Certaines régions forestières du Québec oeuvrent presque exclusivement en forêt privée et vice-versa. En coupant dans les investissements en forêt privée, favorise-t-on certaines régions au détriment d’autres?

Fatalement! C’est dramatique pour une région comme le Bas-Saint-Laurent. En fait, tout ce qui est au sud du Saint-Laurent n’est pas choyé par cette décision-là. Et même régionalement, comme à Lac-Saint-Jean : au nord c’est de la forêt publique, ça vaut la peine d’y pratiquer la sylviculture, mais pour les terres proches du lac on aura beaucoup moins de ressource consacrée à ça. Pourtant là où ça pousse le mieux, c’est proche des usines, à proximité du lac.

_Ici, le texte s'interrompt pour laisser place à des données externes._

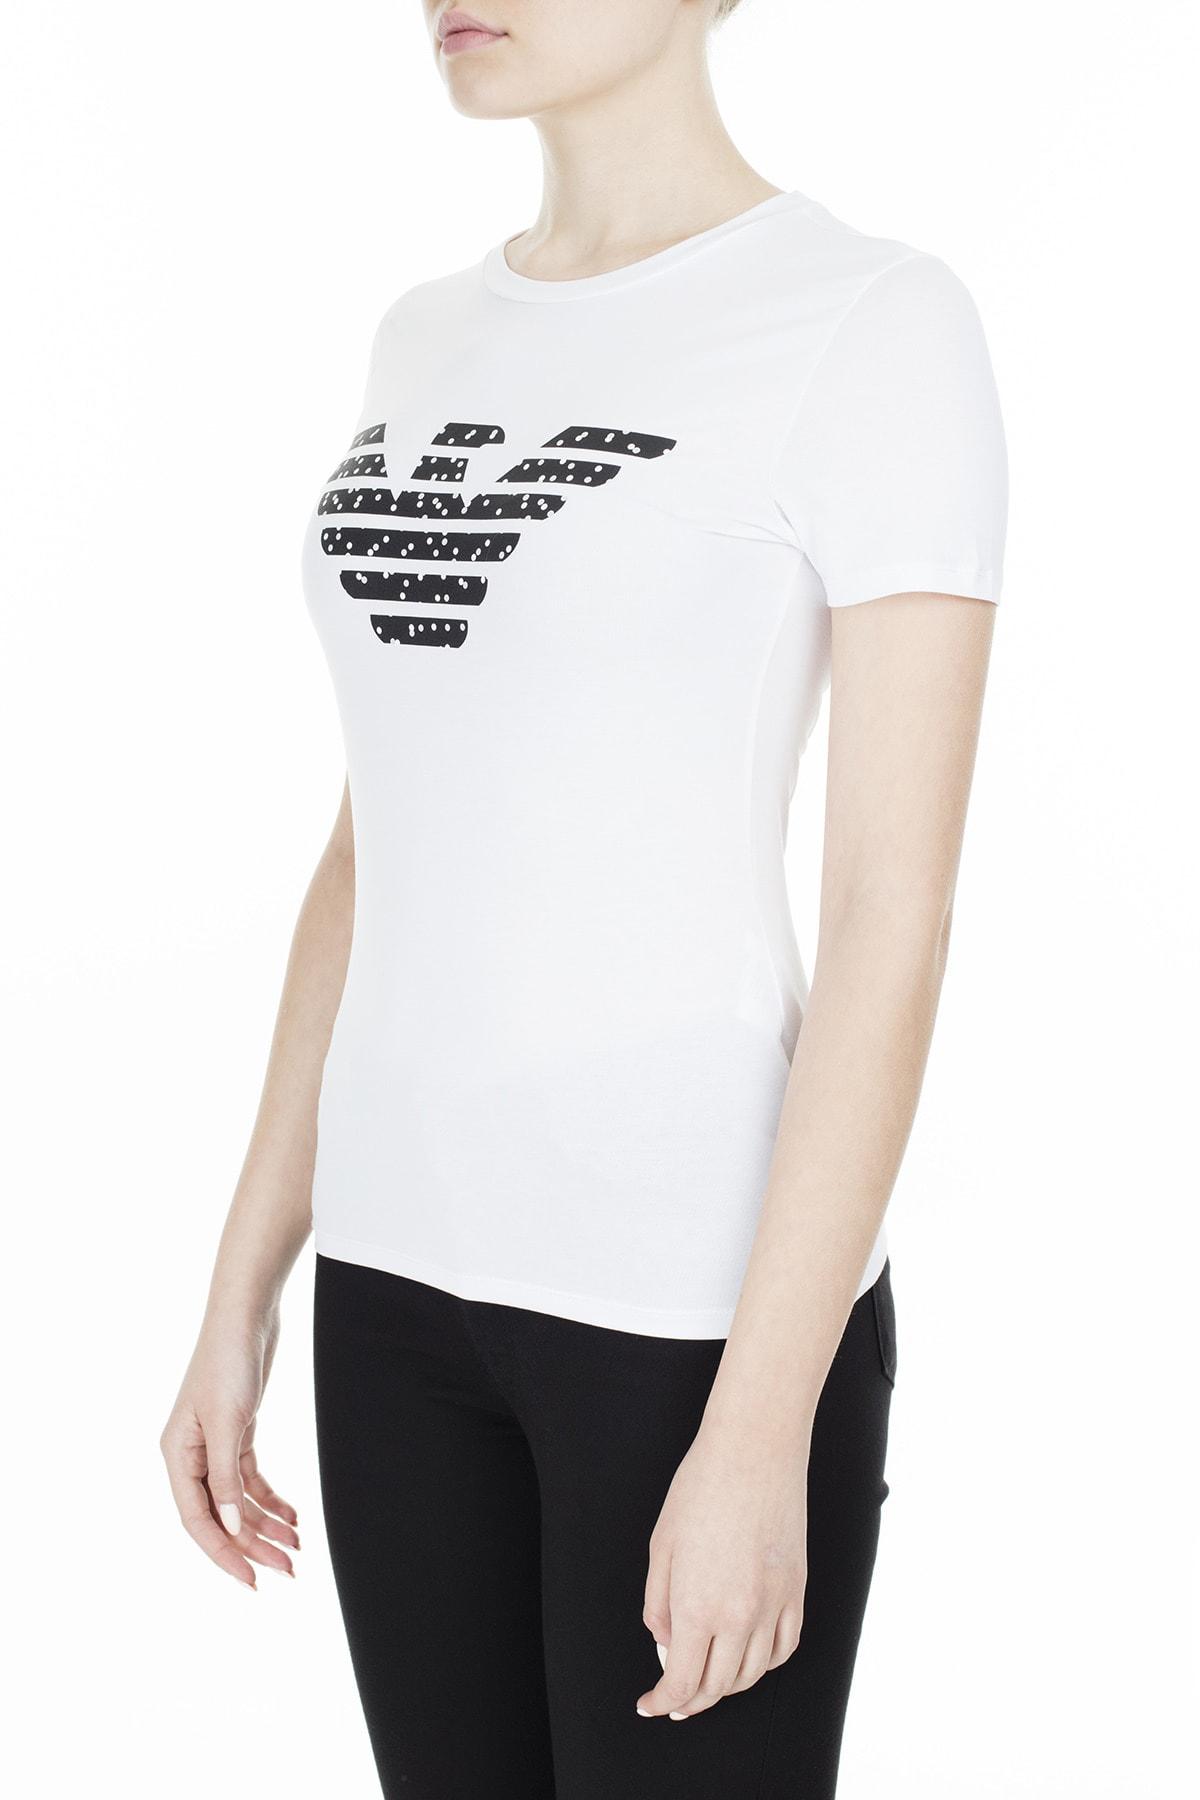 Emporio Armani T Shirt Kadın T Shirt S 6G2T7N 2J07Z 0100 S 6G2T7N 2J07Z 0100 2

Évidemment, il y a une grosse différence entre les deux situations et ça s’appelle l’être humain. Il y a des propriétaires qu’il faut convaincre, il y a des organisations de propriétaires qui doivent être mises dans le coup. Effectivement, on peut voir ça comme des intermédiaires, ce ne sont pas des indésirables. Ce n’est pas une mission impossible de faire une sylviculture très rentable, productive et utile à la société dans toutes les formes de production qu’on peut avoir de la part de la forêt privée. Ça vaut la peine de travailler avec les propriétaires de la forêt privée.

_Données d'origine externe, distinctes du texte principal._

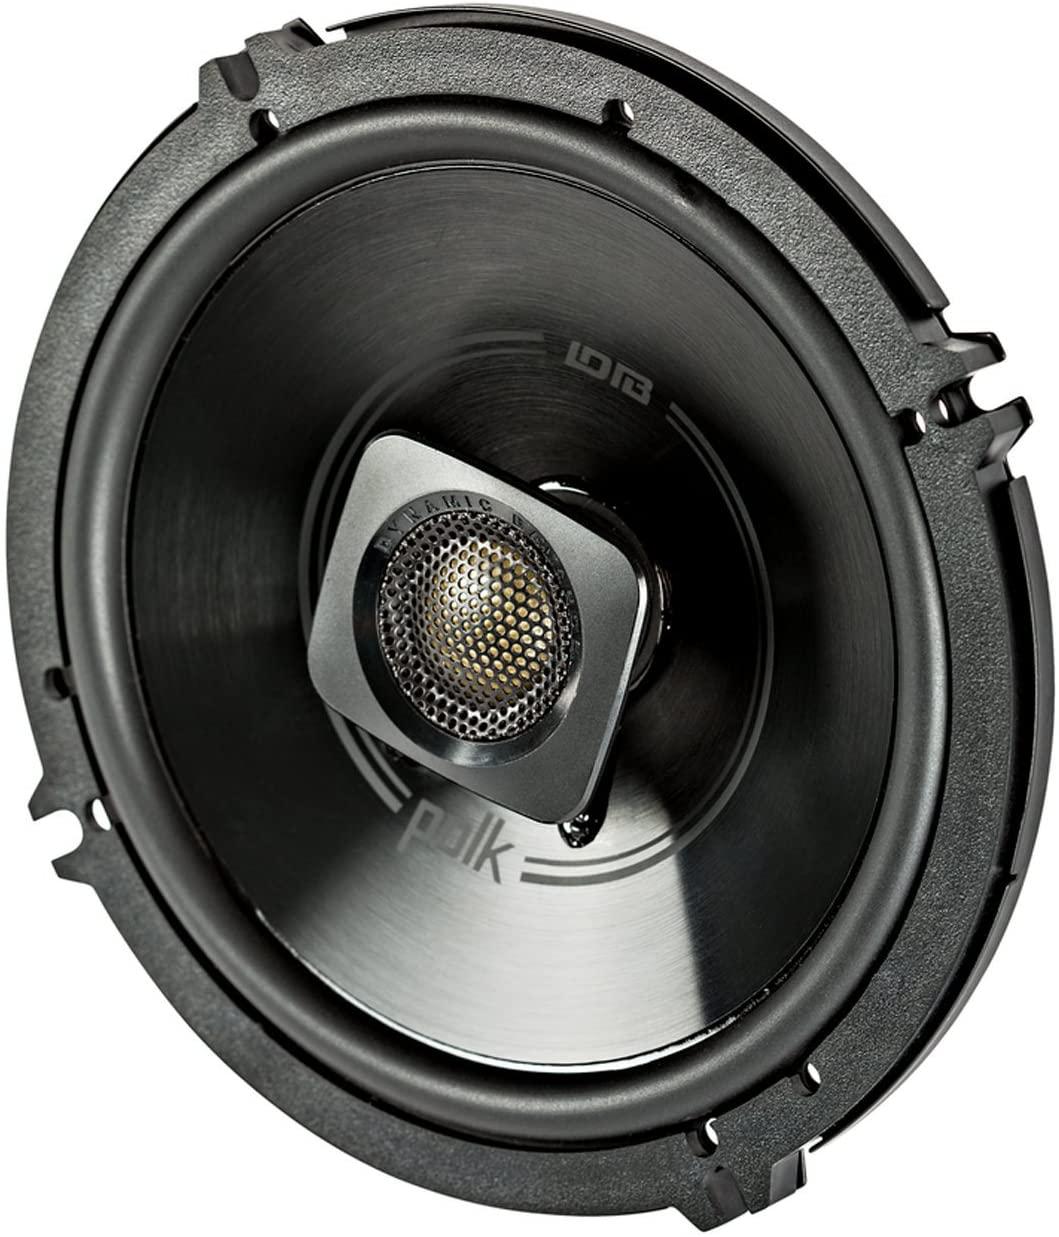 Polk DB652 UltraMarine Dynamic Balance Coaxial Speakers Car Speakers Review

Croyez-vous que volontairement ou non le gouvernement provincial favorise la forêt publique au détriment de la forêt privée?

Je ne sais pas. Volontairement j’espère que non. Mais ça ne prend pas un gros cours de foresterie pour comprendre que dans une perspective de rendement et dans une perspective de diminution des coûts d’approvisionnement, la forêt privée puisse, dans plusieurs cas, être mieux positionnée que la forêt publique.

Il y a sûrement d’autres éléments qui viennent motiver la logique de privilégier la forêt publique au lieu de la forêt privée. Est-ce que c’est une logique électorale? Une logique industrielle ou une aversion pour la structure de mise en marché de la forêt privée qui motive les entreprises à préférer la forêt publique? Loin de moi l’idée que cette structure de mise en marché est parfaite, elle a besoin d’une mise à jour. Justement, ce serait l’occasion.